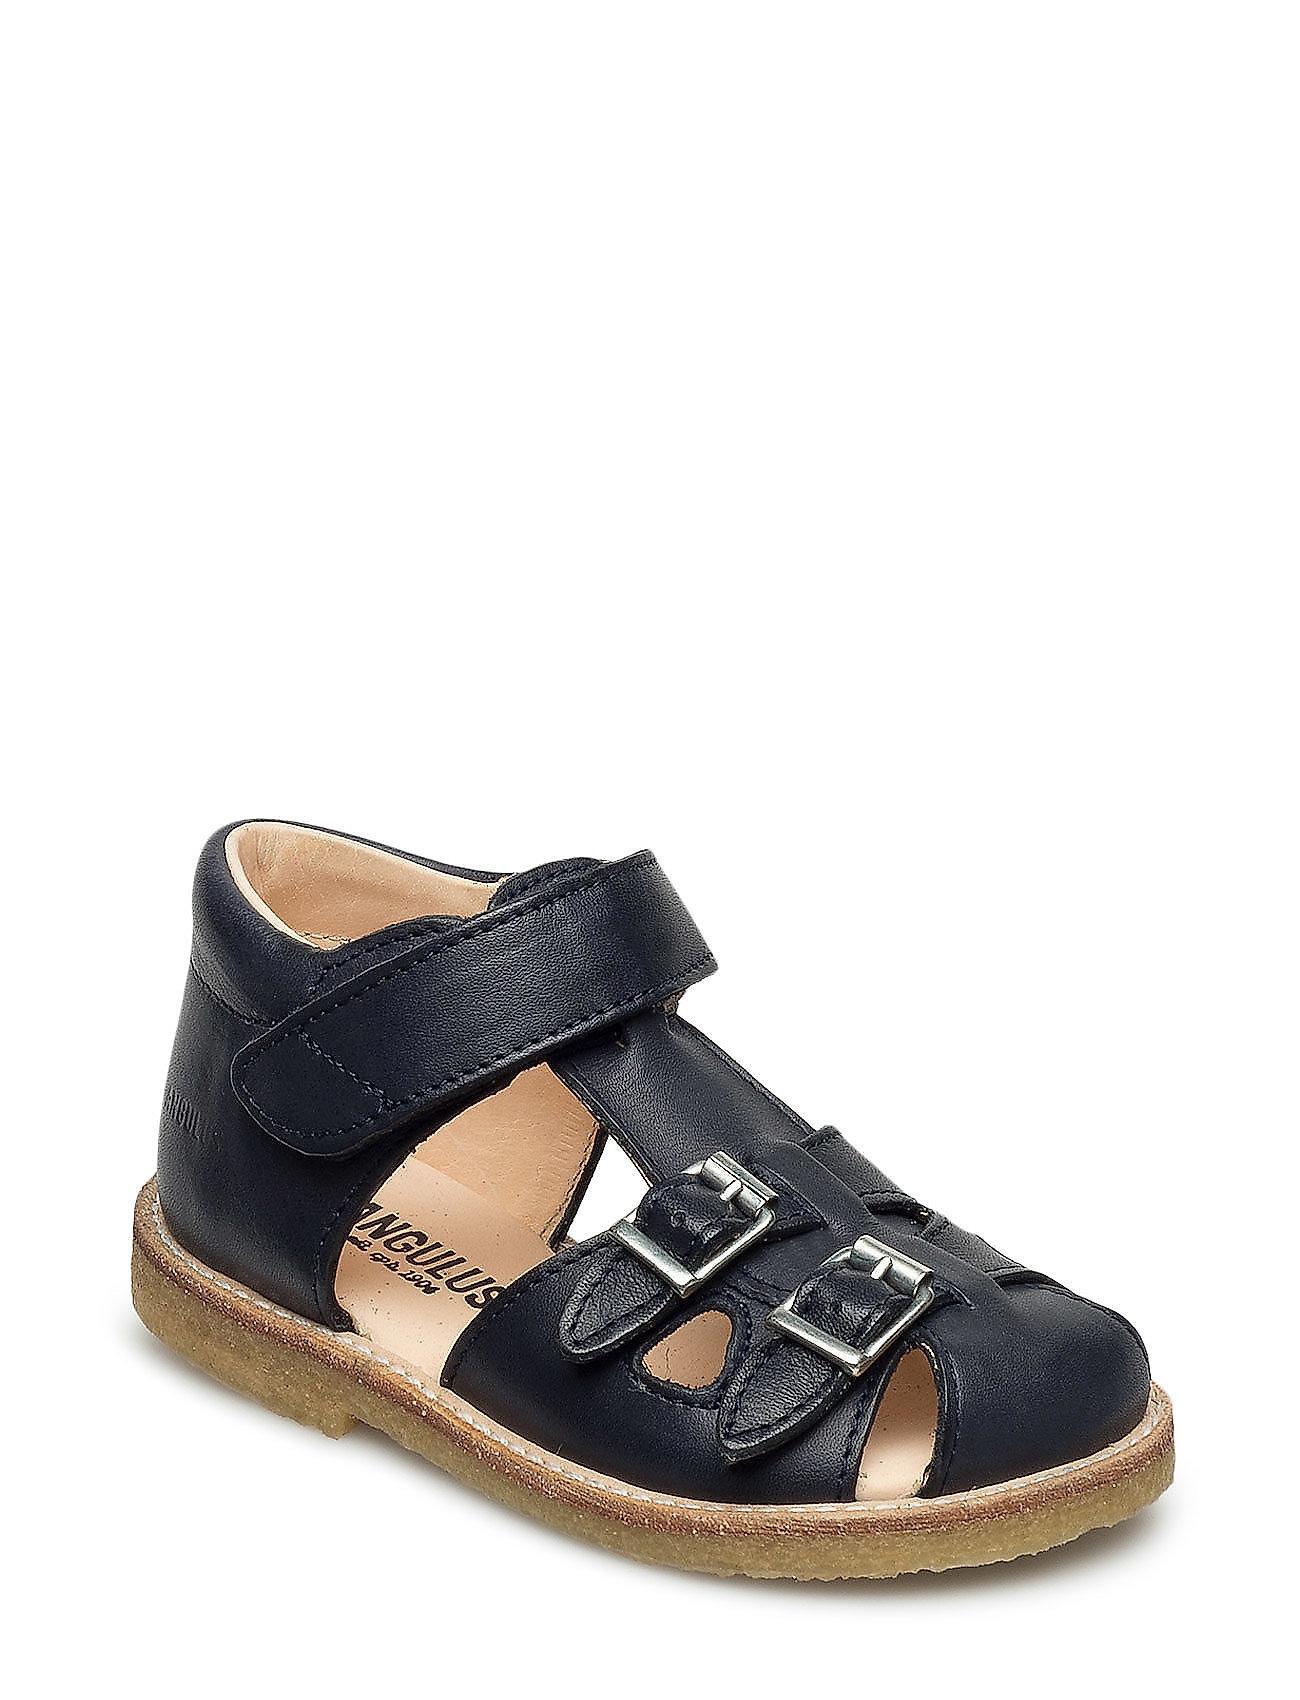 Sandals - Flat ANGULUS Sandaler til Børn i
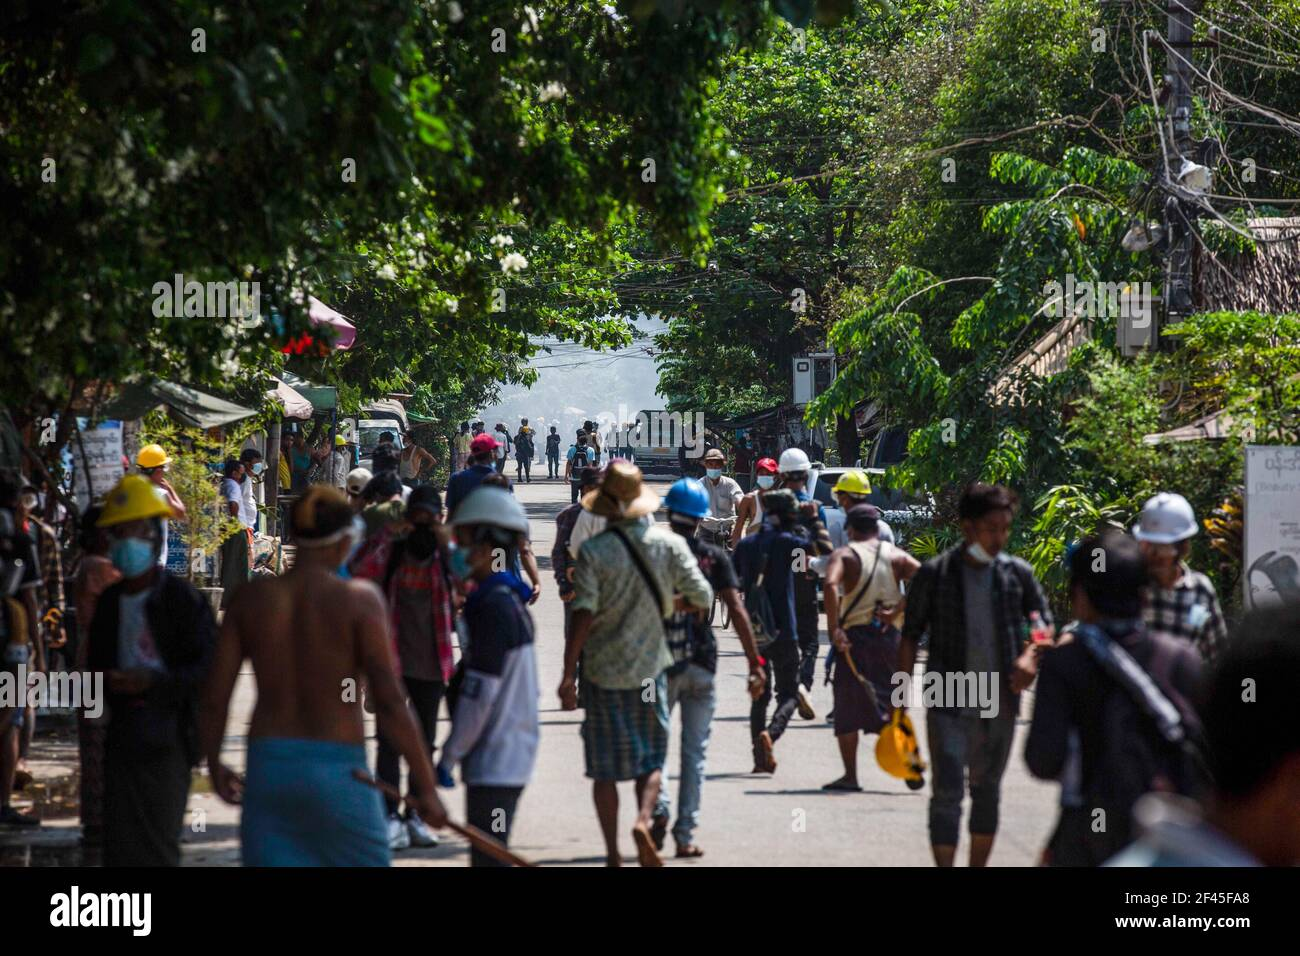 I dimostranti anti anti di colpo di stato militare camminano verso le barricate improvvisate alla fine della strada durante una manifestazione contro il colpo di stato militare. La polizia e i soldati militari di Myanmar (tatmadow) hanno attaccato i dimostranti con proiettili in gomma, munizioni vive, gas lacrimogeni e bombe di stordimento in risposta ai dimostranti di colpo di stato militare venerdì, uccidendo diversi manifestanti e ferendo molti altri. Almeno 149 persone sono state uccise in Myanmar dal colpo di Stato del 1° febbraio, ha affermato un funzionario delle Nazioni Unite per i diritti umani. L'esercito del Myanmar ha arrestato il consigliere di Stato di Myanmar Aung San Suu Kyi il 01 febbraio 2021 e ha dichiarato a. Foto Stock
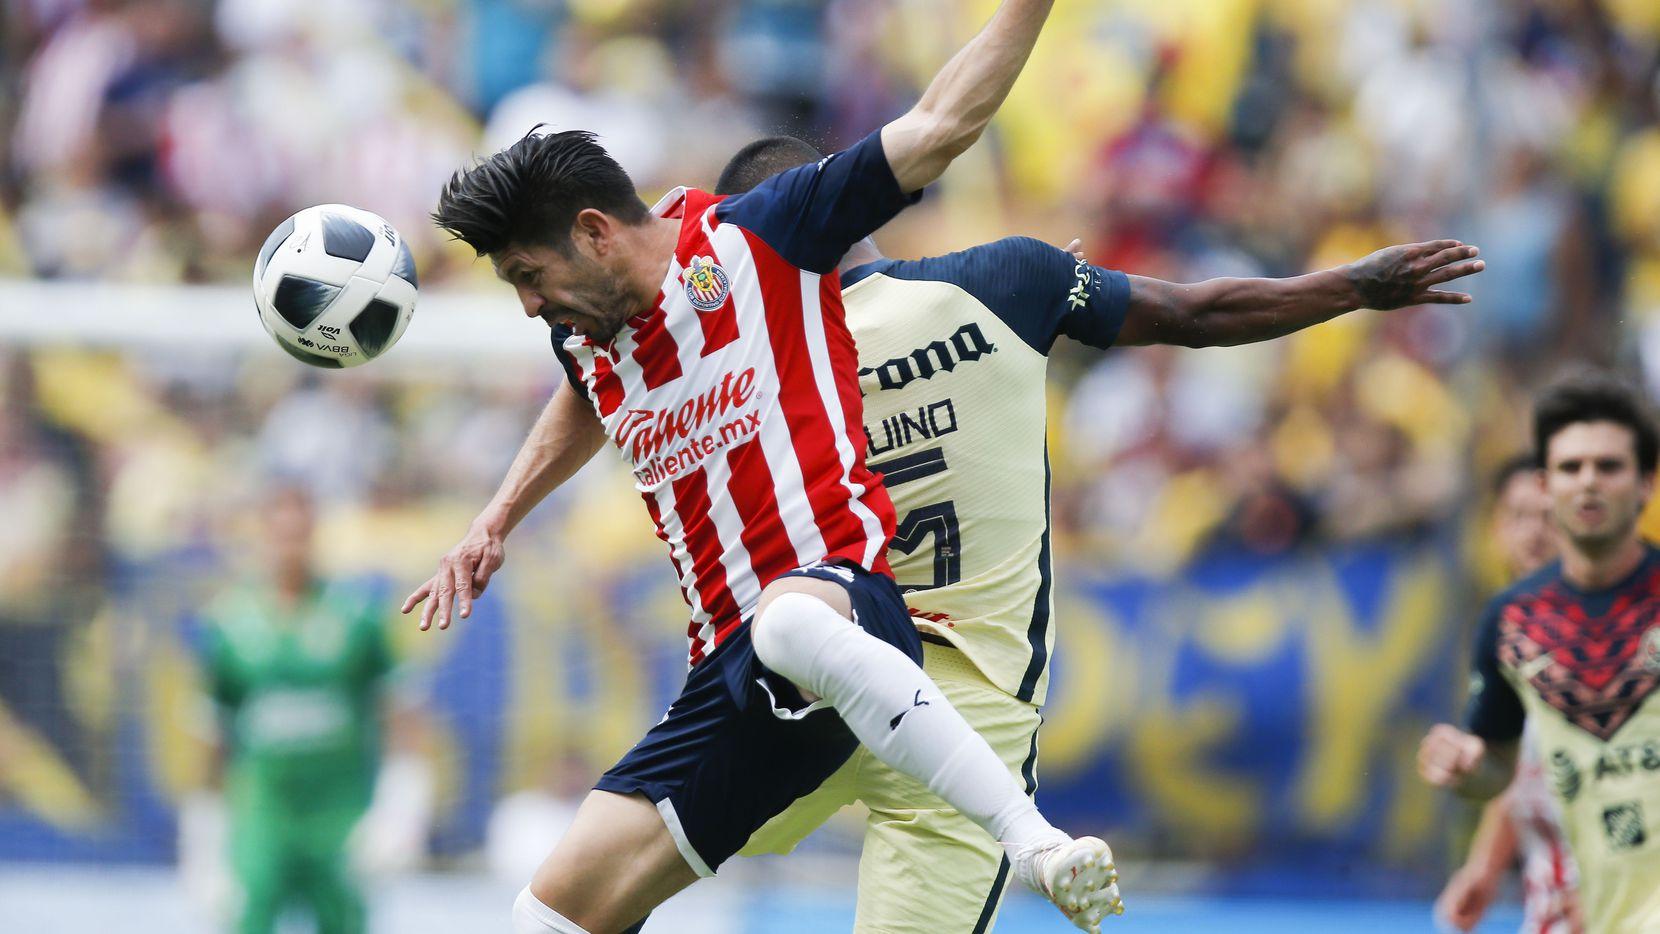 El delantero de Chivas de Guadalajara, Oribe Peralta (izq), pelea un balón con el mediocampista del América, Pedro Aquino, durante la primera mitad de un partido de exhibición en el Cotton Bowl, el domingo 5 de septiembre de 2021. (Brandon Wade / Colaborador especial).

**PROBLEM**
With pictures left out, repeat exactly the lines from the one containing "I dimostranti anti" through the last line of the data above, inclusive, and nothing else.

**REPLY**
 I dimostranti anti anti di colpo di stato militare camminano verso le barricate improvvisate alla fine della strada durante una manifestazione contro il colpo di stato militare. La polizia e i soldati militari di Myanmar (tatmadow) hanno attaccato i dimostranti con proiettili in gomma, munizioni vive, gas lacrimogeni e bombe di stordimento in risposta ai dimostranti di colpo di stato militare venerdì, uccidendo diversi manifestanti e ferendo molti altri. Almeno 149 persone sono state uccise in Myanmar dal colpo di Stato del 1° febbraio, ha affermato un funzionario delle Nazioni Unite per i diritti umani. L'esercito del Myanmar ha arrestato il consigliere di Stato di Myanmar Aung San Suu Kyi il 01 febbraio 2021 e ha dichiarato a. Foto Stock
 El delantero de Chivas de Guadalajara, Oribe Peralta (izq), pelea un balón con el mediocampista del América, Pedro Aquino, durante la primera mitad de un partido de exhibición en el Cotton Bowl, el domingo 5 de septiembre de 2021. (Brandon Wade / Colaborador especial).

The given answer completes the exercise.